Developing a Quixote-Application. Changing a bit, maybe just 2 chars in a HTML Output ...

Possibilites: a) working with Apache / SCGI: reload the SCGI Server. Bah

b) working with CGIHTTPServer from the Python Standard lib. Works. But is very slow, and works quite different from Medusa and SCGi

c) working with Medusa Quick. Integrated. Easy to debug. But: Reloading of Medusa. Ctrl-Break, restart ... over and over again. Bah.

Solution

http://aspn.activestate.com/ASPN/Mail/Message/python-list/907876

autoreload.py by Thomas Heller. Works like a charm. Great during development. I am not willing to try it in a production environment to empower long running processes.

Discussion

I wonder why this autoreload.py is not more present; it would be a phantastic game for long ronning processes.

HAM2004-09-16

See also http://aspn.activestate.com/ASPN/Mail/Message/python-list/907945 -- there's a bug around line 95 that needs to be patched (a filename was getting calculated wrong). It's only two lines of code to change, though.

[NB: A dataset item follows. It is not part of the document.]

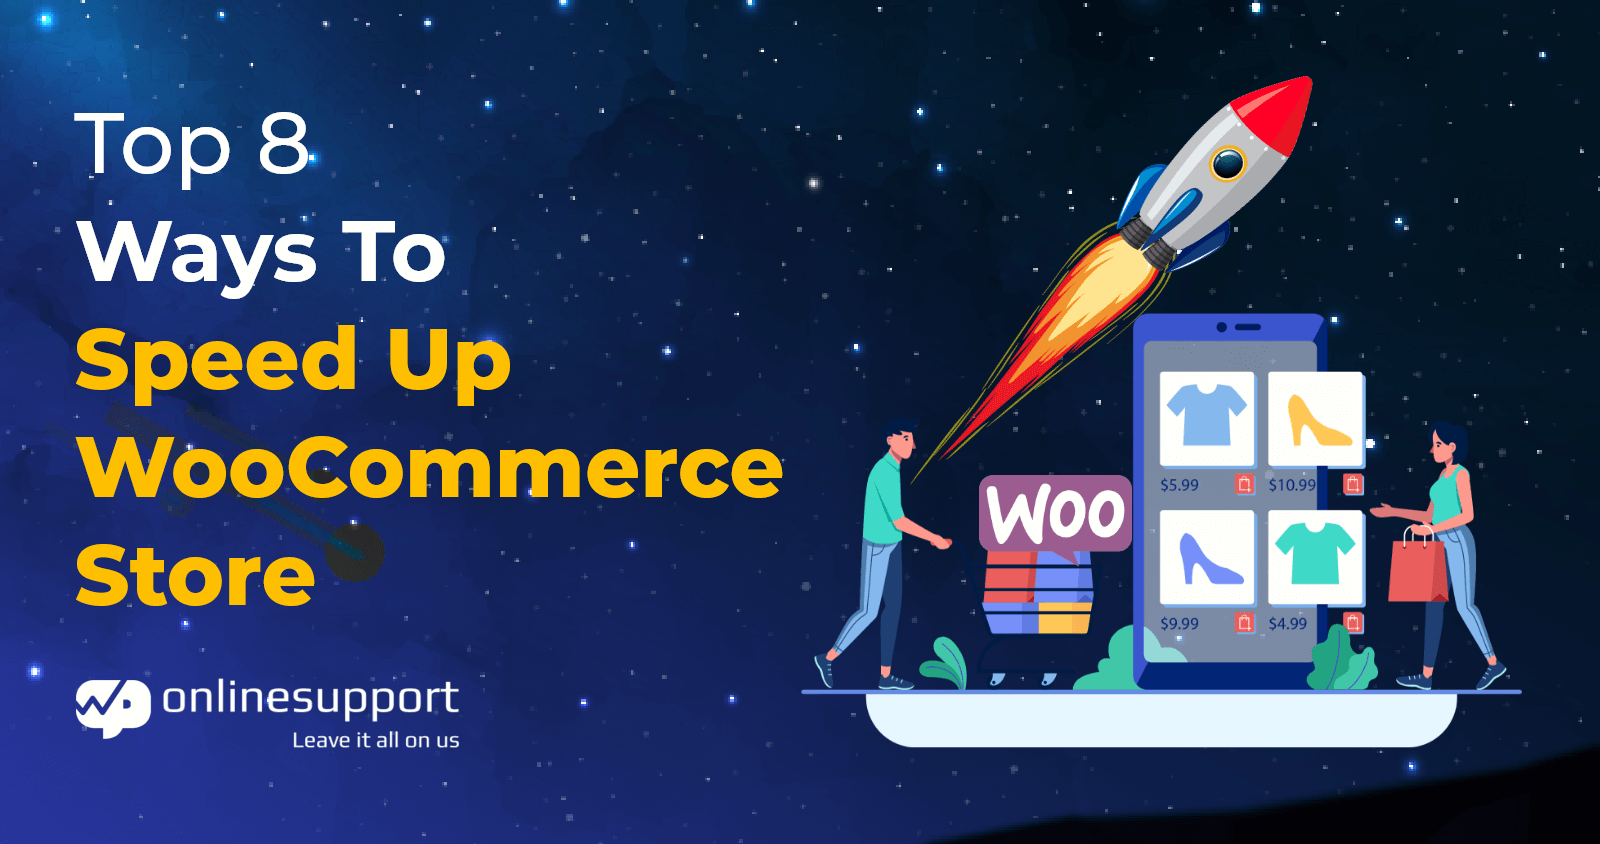 Top 8 Ways To Speed Up WooCommerce Store

MikeWatkins: re SCGI, I prefer this route myself, using Dulcinea site management script its a simple site xyz scgi restart, which I plop on a button on my gnome task bar, located conveniently not far above my browser. Since testing generally means I'm using the mouse in the browser anyway, I don't find it an inconvenience. A simple click'll do! Check out Dulcinea, well worth the time to get it configured into your work environment, or the other way around ;-)


i found that the autoreload script doesn't reload .ptl and init.py files.

has anybody a solution?

actually i've solved the .ptl problem, but it seems too hackish to post.


I found autoreload in sitecustomize.py caused Python to core dump on python startup (2.4, built with GCC 3.4.2 on FreeBSD)


I've got a little Tkinter application that allows me to restart the Durus server or the Quixote application server with a button press. I used to have a mapping in my editor that restarted the application and that was even faster than pushing a button. I've never felt the need for auto reloading. I guess it helps to have a fast machine and also to lazy import modules (at least at the root directory of your Quixote app).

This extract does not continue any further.